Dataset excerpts

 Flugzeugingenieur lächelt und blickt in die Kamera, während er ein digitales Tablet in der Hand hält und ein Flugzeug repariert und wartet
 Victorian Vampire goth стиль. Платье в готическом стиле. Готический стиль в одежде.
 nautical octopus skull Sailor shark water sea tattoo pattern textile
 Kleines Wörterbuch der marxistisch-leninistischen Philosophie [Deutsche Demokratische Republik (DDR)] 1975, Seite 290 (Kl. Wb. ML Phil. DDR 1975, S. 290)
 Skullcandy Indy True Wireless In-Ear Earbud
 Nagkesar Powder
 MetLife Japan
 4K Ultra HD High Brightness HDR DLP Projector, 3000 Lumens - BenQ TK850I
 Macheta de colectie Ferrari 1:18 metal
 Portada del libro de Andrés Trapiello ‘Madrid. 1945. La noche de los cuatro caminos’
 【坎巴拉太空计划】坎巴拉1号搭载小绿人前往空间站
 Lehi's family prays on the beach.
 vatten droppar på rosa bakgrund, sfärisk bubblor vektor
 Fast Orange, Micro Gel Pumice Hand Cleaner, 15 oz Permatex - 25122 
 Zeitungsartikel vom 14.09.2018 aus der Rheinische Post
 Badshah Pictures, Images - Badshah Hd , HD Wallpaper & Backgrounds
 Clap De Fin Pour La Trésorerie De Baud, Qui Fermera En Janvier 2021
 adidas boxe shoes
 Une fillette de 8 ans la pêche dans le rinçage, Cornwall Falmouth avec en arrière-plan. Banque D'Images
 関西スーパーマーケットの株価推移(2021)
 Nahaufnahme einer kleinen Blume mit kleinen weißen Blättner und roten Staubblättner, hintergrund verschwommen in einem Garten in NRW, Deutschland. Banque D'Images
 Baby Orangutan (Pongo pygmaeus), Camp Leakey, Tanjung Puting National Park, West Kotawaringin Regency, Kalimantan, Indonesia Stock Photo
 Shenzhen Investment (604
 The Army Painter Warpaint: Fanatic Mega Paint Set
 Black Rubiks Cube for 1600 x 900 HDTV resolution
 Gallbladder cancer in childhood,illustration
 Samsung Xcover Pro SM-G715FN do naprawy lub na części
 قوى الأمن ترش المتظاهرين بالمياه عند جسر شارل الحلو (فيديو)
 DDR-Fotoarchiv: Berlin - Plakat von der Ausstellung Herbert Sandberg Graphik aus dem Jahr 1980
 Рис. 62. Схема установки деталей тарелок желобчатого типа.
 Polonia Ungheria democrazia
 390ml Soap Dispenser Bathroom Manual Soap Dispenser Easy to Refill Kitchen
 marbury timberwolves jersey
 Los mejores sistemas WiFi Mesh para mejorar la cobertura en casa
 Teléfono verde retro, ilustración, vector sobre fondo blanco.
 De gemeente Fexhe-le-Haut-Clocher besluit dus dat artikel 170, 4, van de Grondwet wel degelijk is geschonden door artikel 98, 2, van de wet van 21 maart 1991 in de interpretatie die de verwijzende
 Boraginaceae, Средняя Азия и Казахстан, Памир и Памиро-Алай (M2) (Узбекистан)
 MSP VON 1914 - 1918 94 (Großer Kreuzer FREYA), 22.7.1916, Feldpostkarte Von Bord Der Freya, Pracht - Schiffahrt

What is required →
In the records above, find each line that mentions the word "Banque", and copy it.

Solution →
 Une fillette de 8 ans la pêche dans le rinçage, Cornwall Falmouth avec en arrière-plan. Banque D'Images
 Nahaufnahme einer kleinen Blume mit kleinen weißen Blättner und roten Staubblättner, hintergrund verschwommen in einem Garten in NRW, Deutschland. Banque D'Images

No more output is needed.